Wage differentials have a great economic and social significance, for they are directly related to the allocation of the economic resources of a country, including manpower, growth of the national income, and the pace of economic development.
Social welfare activity depends, in a large measure, on such wage differentials as will:
(a) Cause labour to be allocated among different occupations, industries and geographical areas in the economy in such a manner as to maximise the national product;
(b) Enable full employment of the resources of the economy to be attained; and
(c) Facilitate the most desirable rate of economic progress.
Wage differentials reflect difference in the physical and mental abilities of workers, differences in productivity, in the efficiency of management and in consumer preferences, and act as signposts for labour mobility. By providing an important incentive for labour mobility, they bring about a reallocation of the labour force under changing circumstances.
Under competitive conditions, wages are determined by conditions of demand (which reflect the productivity of workers) and conditions of supply (which reflect the attractiveness of jobs). The level of wages would depend upon the relative scarcity of supply in relation to demand.
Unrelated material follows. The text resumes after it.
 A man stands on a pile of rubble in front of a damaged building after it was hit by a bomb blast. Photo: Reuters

Scarcity differentials (which may be due to specific skills and mental abilities) produce wage differentials; and as long as the former as inevitable, the latter, too, would be so.
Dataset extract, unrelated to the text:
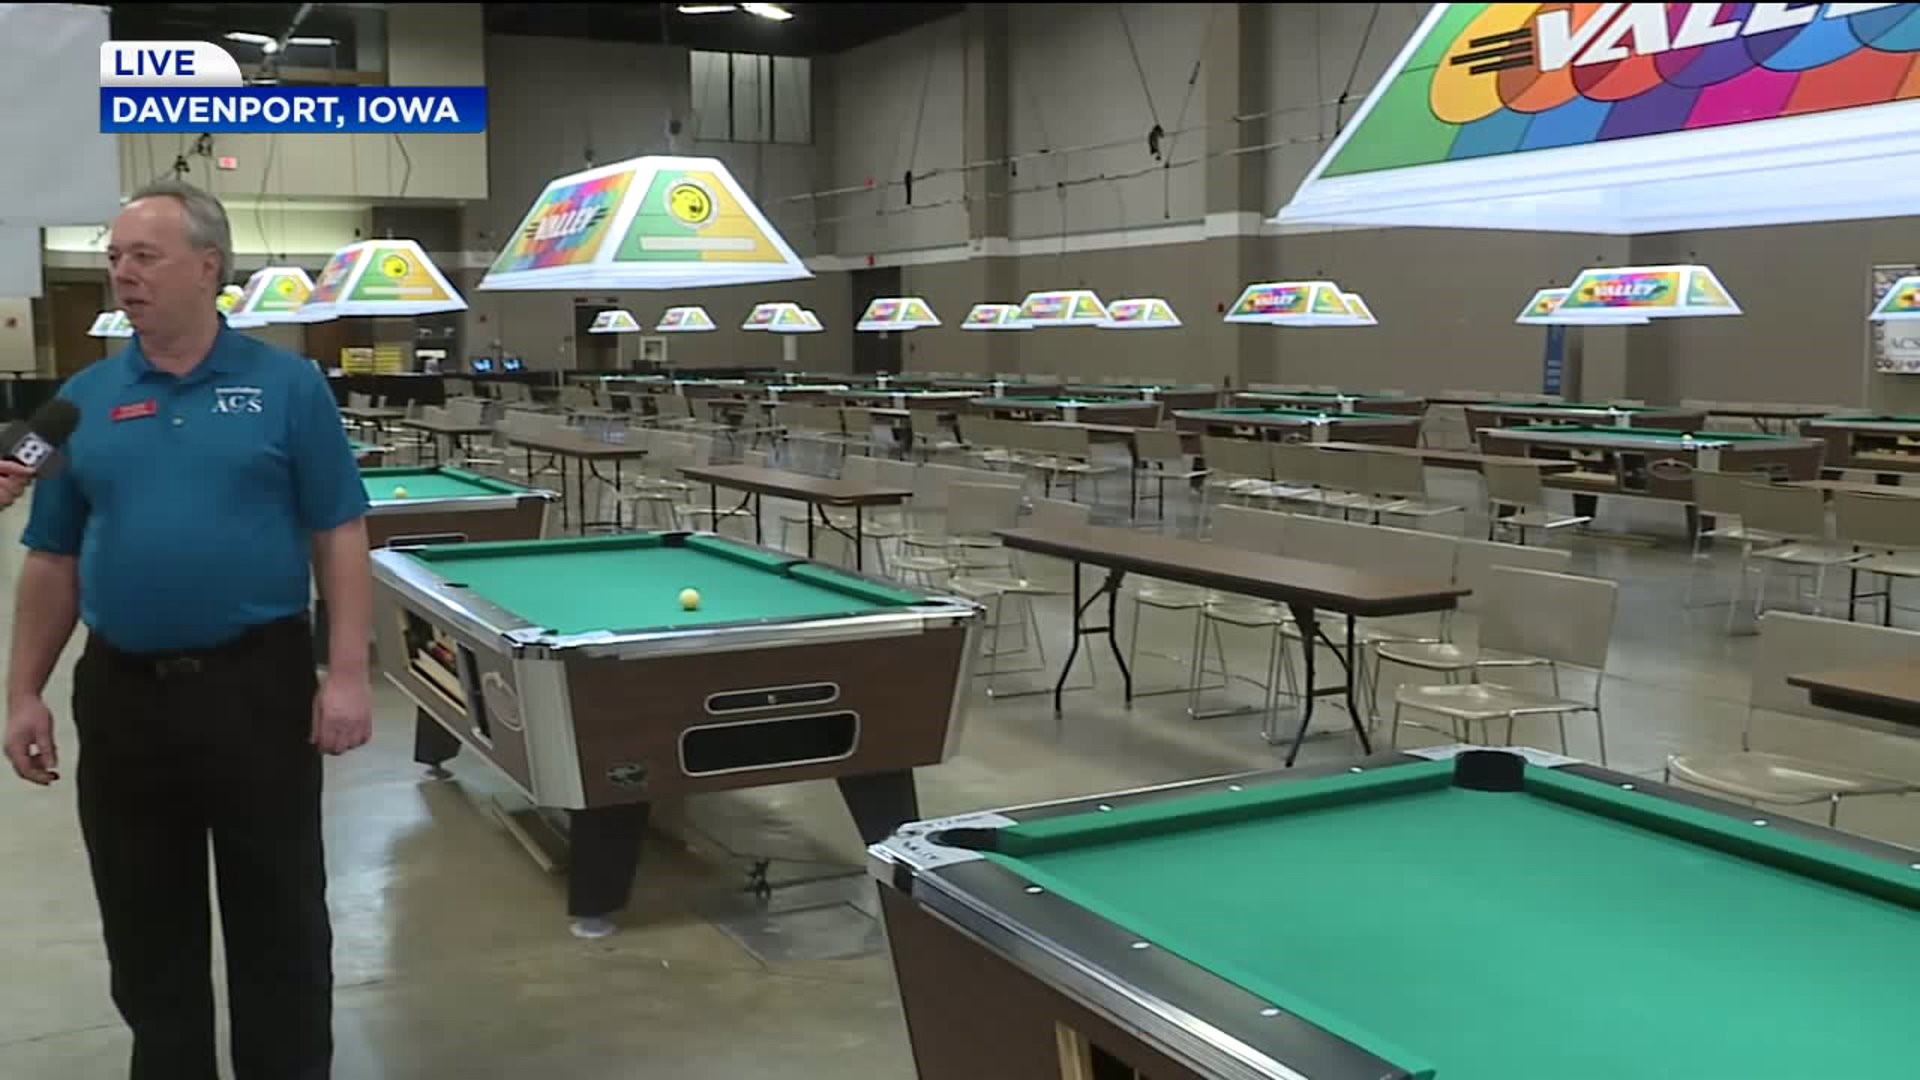 River Center transformed into a giant Pool Hall

In other words, wage differentials reflect the different degrees of scarcity of the different categories of labour; and since different categories cannot be reduced to the same degree of scarcity in the market, wage differentials are inevitable.
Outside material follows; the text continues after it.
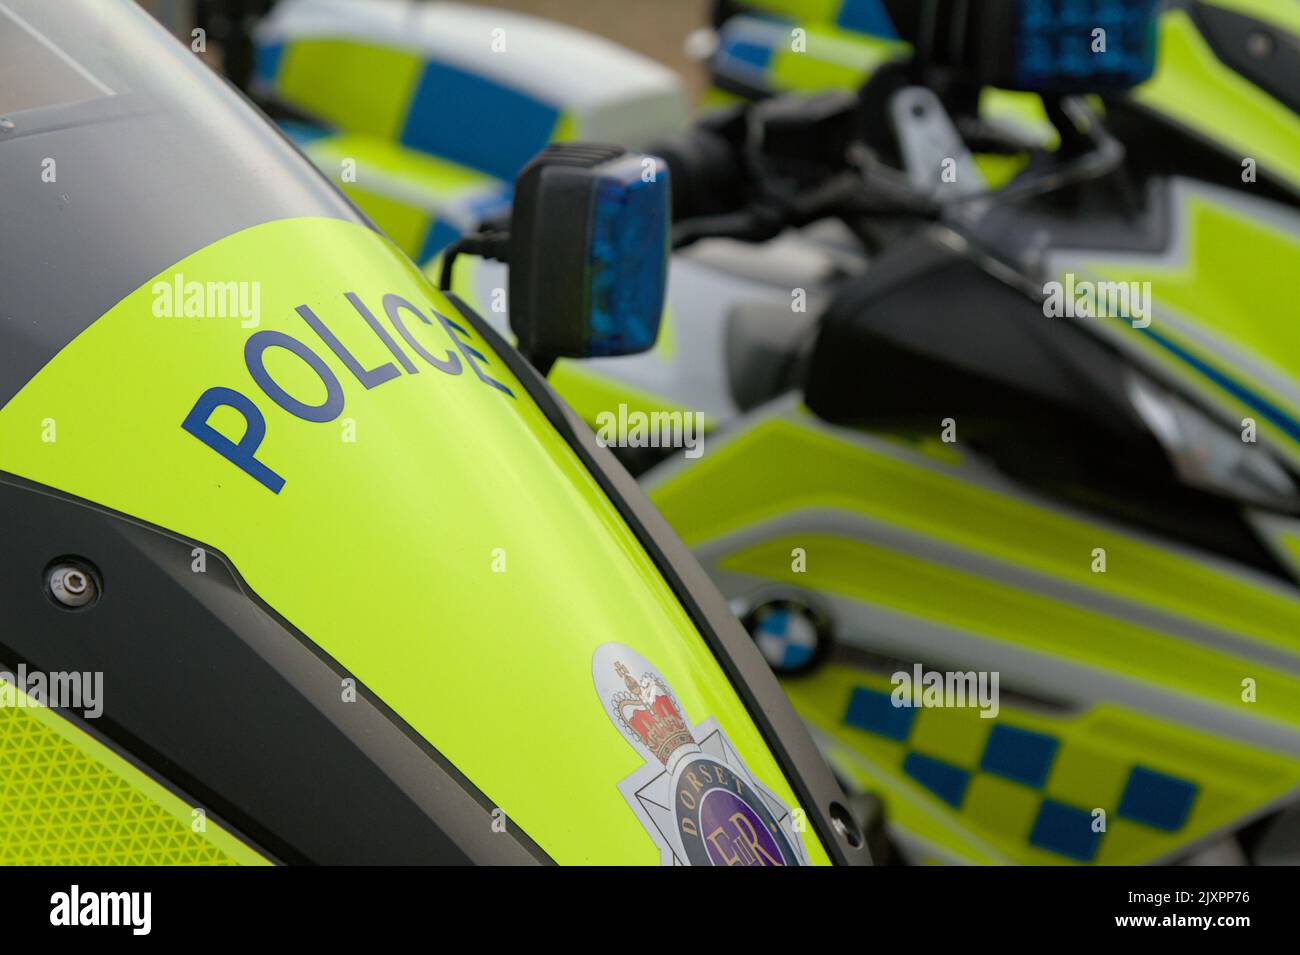 ROW of Dorset police BMW Motorbikes, Royaume-Uni Banque D'Images

Wage differentials arise because of the following factors:
(a) Differences in the efficiency of the labour, which may be due to inborn quality, education, and conditions under which work may be done.
(b) The existence of non-competing groups due to difficulties in the way of the mobility of labour from low paid to high paid employments.
(c) Differences in the agreeableness or social esteem of employment.
(d) Differences in the nature of employment and occupations.
The nature and the extent of wage differentials are conditioned by a set of factors such as the conditions prevailing in the market, the extent of unionisation and the relative bargaining power of the employers and workers, the rate of growth in productivity, the extent of authoritarian regulations and the centralisation of decision-making, customs and traditions, the general economic, industrial and social conditions in a country, and a host of other subjective and objective factors operating at various levels.
The prevailing rates of wages, the capacity of an industry to pay, the needs of an industry in a developing economy, and the requirements of social justice also directly or indirectly affect wage differentials.